Der Beginn ist hoch dynamisch. Zu rockigen E-Gitarrenriffs von Lenny Kravitz wirbelt die junge Compagnie über die Tanzfläche, was das Zeug hält. Danach geht’s gleich zur Sache: ein Showmaster (Bronczkowski) vergreift sich an einer Tänzerin (Lea Hladka), die zusammengekrümmt am Boden liegen bleibt. Deren Alter Ego oder kleinere Schwester (Caitlin-Rae Crook) träumt sich im Pyjama durch ein Wiegenlied, was mit furchtbaren Schmerzen und Schreien endet. Die vermeintliche Rettung kommt durch einen schwulen Modemacher (ein überzeugender Sven Krautwurst in roten Lackpumps und protzigem Glitzerschmuck), der die beiden für die Show aufhübscht: fortan tanzen sie als Cheerleader und Tabledancer durchs Stück.

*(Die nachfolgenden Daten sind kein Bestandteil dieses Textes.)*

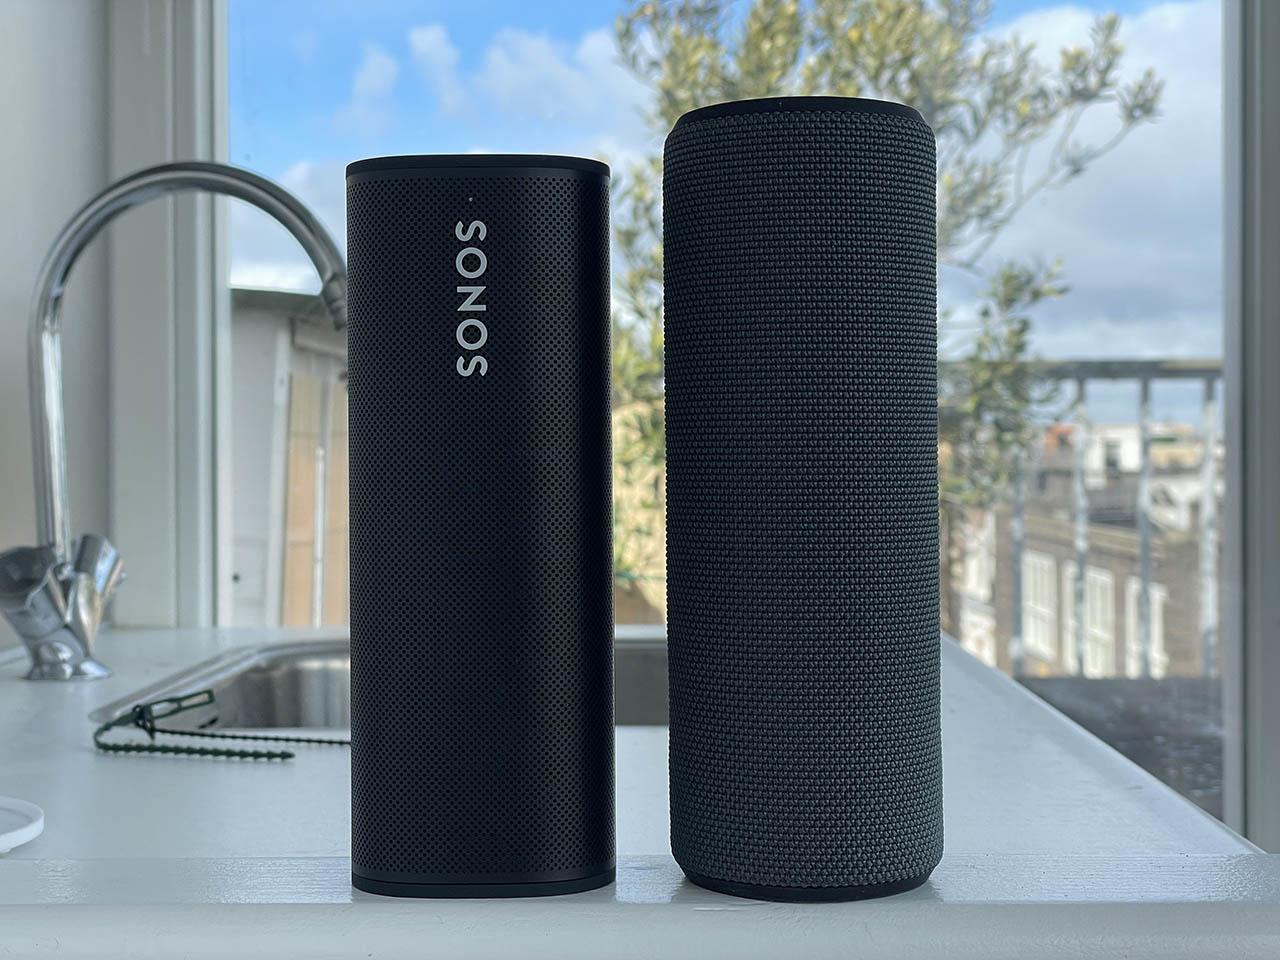 Sonos Roam vs UE Boom

Dabei gibt es zu Songs von Amy Winehouse und Skunk Anansie ausgesprochen sexy Szenen.

Ein Priester entpuppt sich als geiler Bock, der die Hüllen fallen lässt und fortan im Glitzeroutfit sein Blendwerk betreibt. Marco Barbieri tritt mit einer darstellerischen Qualität auf, die an Stummfilme denken lässt. Eine dichte und berührende Szene der homoerotischen Annäherung zeigen Michael Bronczkowski als schwarzer Showmaster und Esteban Barias als Junge in kurzen Hosen, der seine körperlichen Bedürfnisse entdeckt. Deren Geschichte endet in stiller Trauer und Einsamkeit, während der andere Showmaster ein herzzerreißendes Verzweiflungsdrama durchlebt – Krautwurst zeigt an dieser Stelle sein darstellerisches Können. Die Umsetzung ist deutlich vom Choreografen Przybyl geprägt, in dessen Soli vergleichbare Szenen zu sehen waren.

Es gibt mit Yuki Kobayashi noch eine weitere Tänzerin, die erfolgreich bemüht ist, sich gegen diverse Anmacher zu behaupten: Doch ist es im Ergebnis ein Männerstück, was vielleicht auch am Motiv „The Show must go on“ liegt. Die weibliche Seite dieses Themas muss jedenfalls noch erdacht und choreografiert werden.